Calendars, files, contacts are great. If they disappear, however, that could cause major issues for anyone in our modern world. As a result I’ll be focusing on architecture that isn’t perfect but that can be moved should anything go wrong as well as enough training and documentation that my wife could do so should she ever need to.

Replace key services

The second requirement is to replace key services. This one is a little harder than it sounds as, while there are plenty of close solutions out there, there are few that can really replace what our Apple and Google tech can already do.

While there are a few services I know need replacing, at this step it’s also time to look at what those key services really are.

For example, one of my primary frustrations with Linux was lack of access to so many little things like phone calls and text messages from my laptop. Can I do without those? What about a streaming music service (I listen to Apple Music 8-10 hours a day most days)? Even if I can do without can I sell any solution I decide on to my family who may not want to make such changes?

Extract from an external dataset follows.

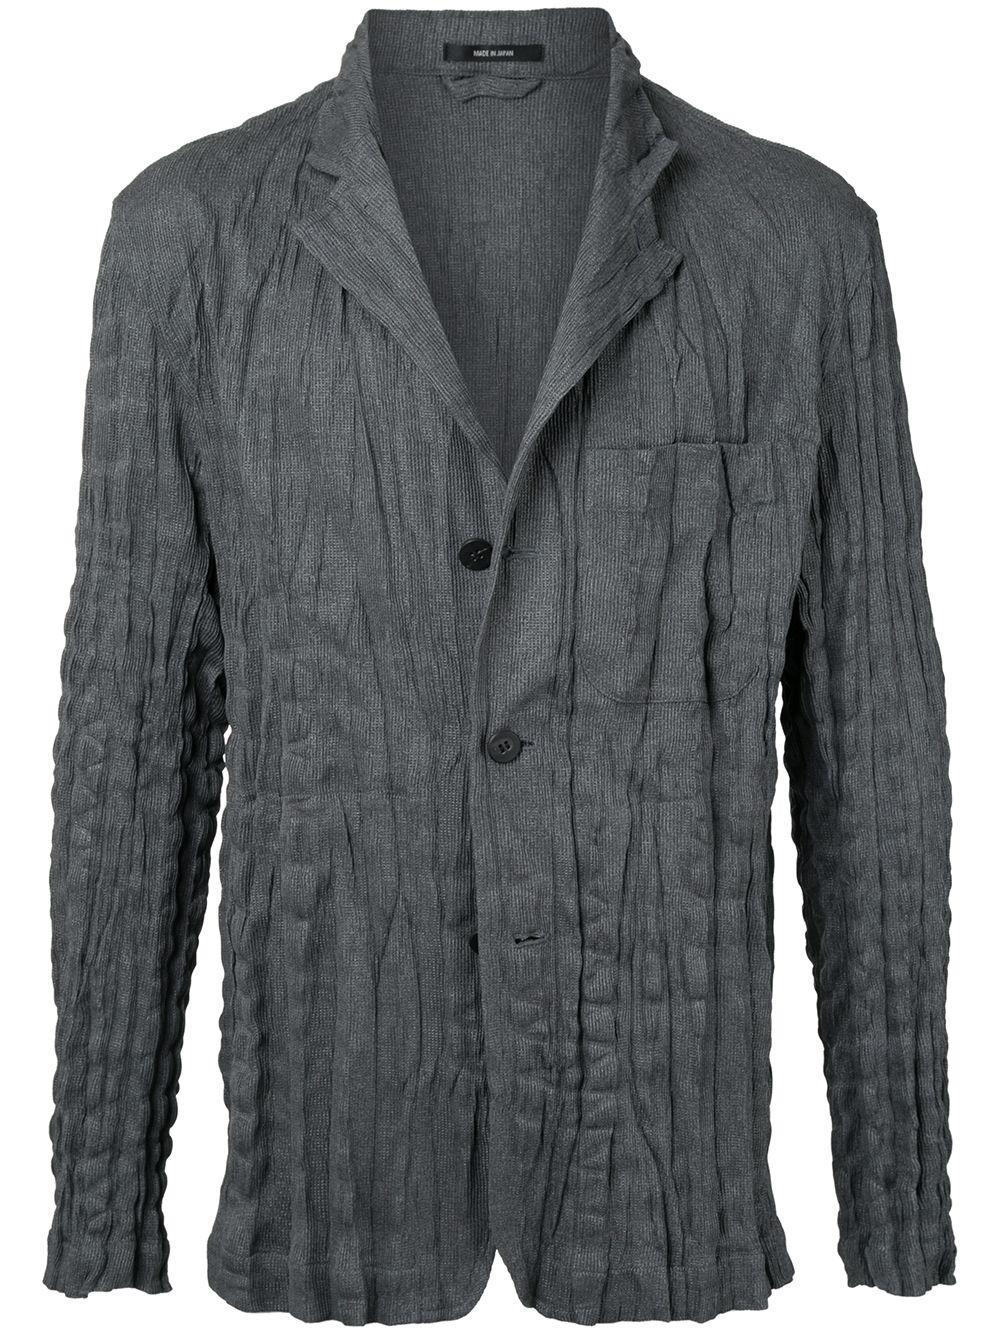 Issey Miyake Pleated Blazer Jacket in Grey (Gray) for Men - Lyst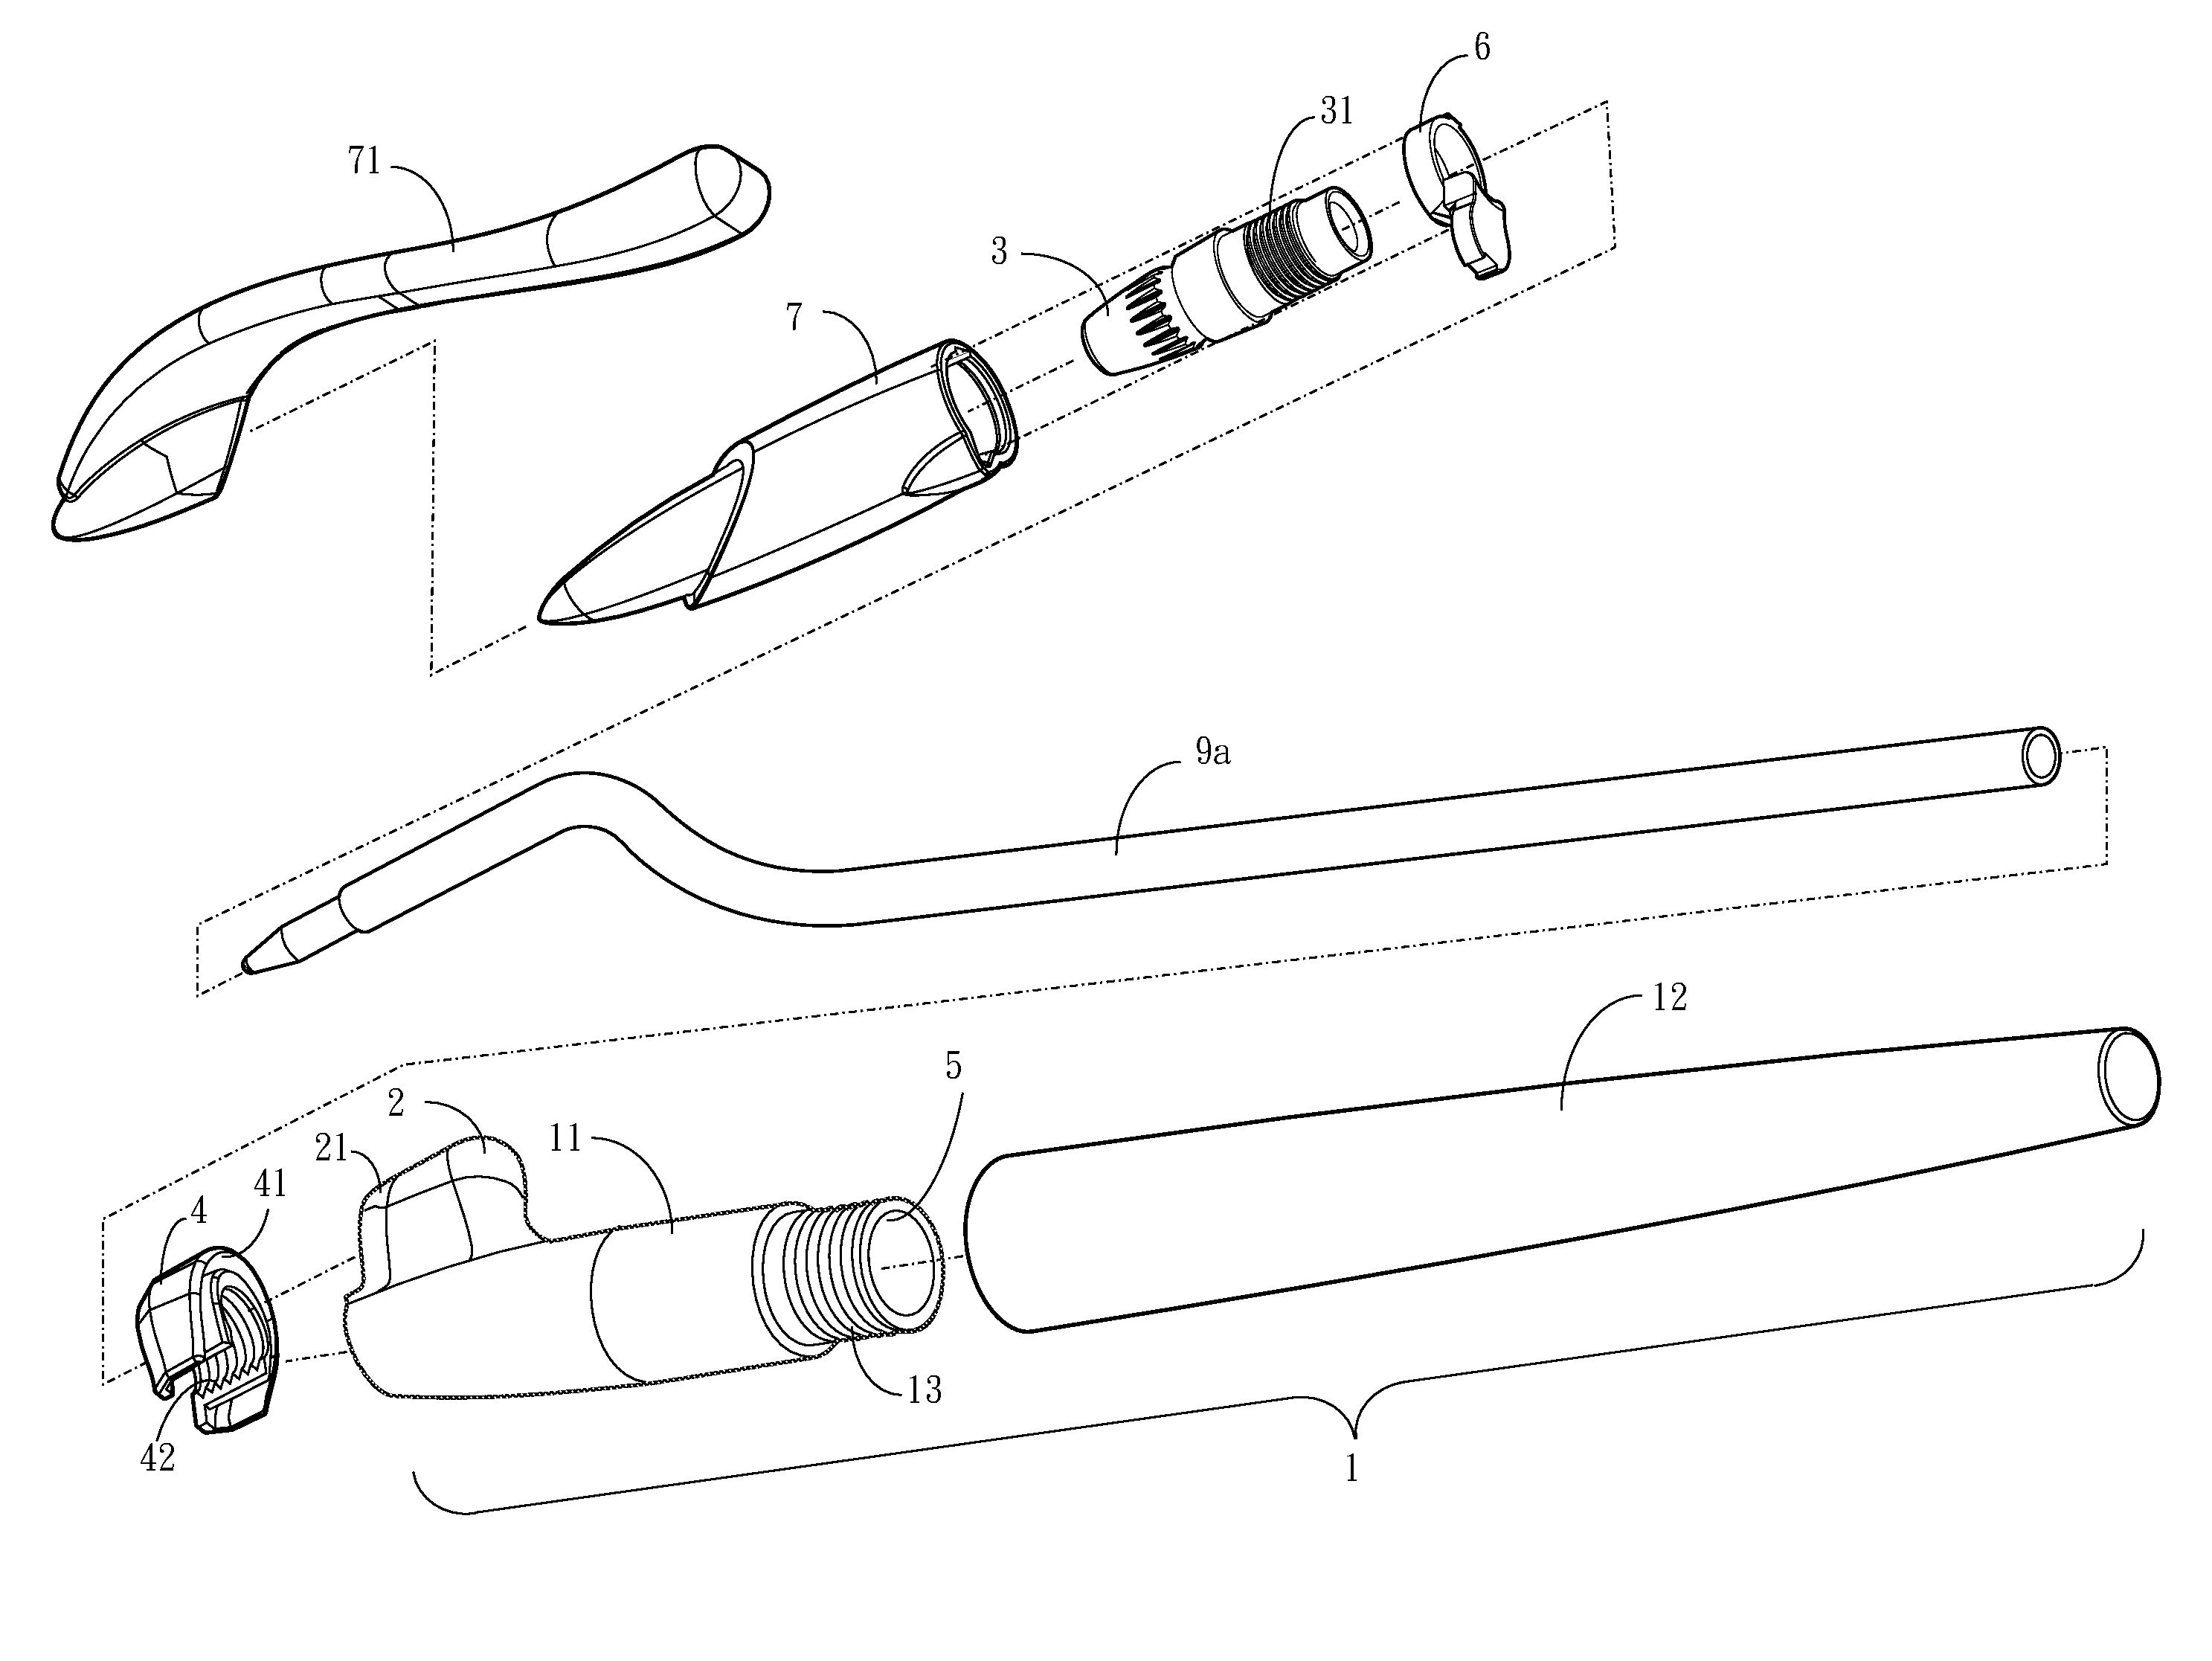 Offset pen structure for rapid assembling

Picking services like Nextcloud, Signal and so many other common solutions is easy. What happened last time is, as I result, I only had access to those easy solutions and never could find solutions to everything else that everyone could live with. This time I will need to do a lot more experimentation to get there.

Given all that, there are a few options I know I can work:

  • iCloud Calendar/Contacts/Drive -> Nextcloud
  • Safari -> Firefox

What I need to take a harder look at is the many services I never could make work in the past

  • 1Password -> Bitwarden (though last time I couldn’t sell my family on this one)
  • Maps
  • Photos
  • Travel Apps (airline, hotel, etc)
  • Music
  • Fitness
  • so many more

What I’m hoping is, that while I’m stuck in Apple for now, I can use the time to really experiment with and test both the architecture and the services themselves to find solutions that will work for all of us.

Replace the hardware

Finally we get back to the big step, replacing Apple hardware [again]. Once we get to the point where everyone is comfortable on non-Apple services, I think we’ll be able to replace most Apple hardware. I don’t know if this will take one year or 6 but I think, with proper testing and taking the time to do things right and not all at once, it is absolutely possible.

Will this work?

So, here’s the big question… will we be able to escape big tech’s grasp once and for all? We’ve come so close in the past only to fall back in when things don’t work out like everyone had hoped. I think, in this case, the biggest question is whether everyone will be happy with the alternatives this time. With more careful preparation and a mindset of solutions of all of us and not just myself, I think we can make this happen. I’m at least absolutely willing to give it a try to find out.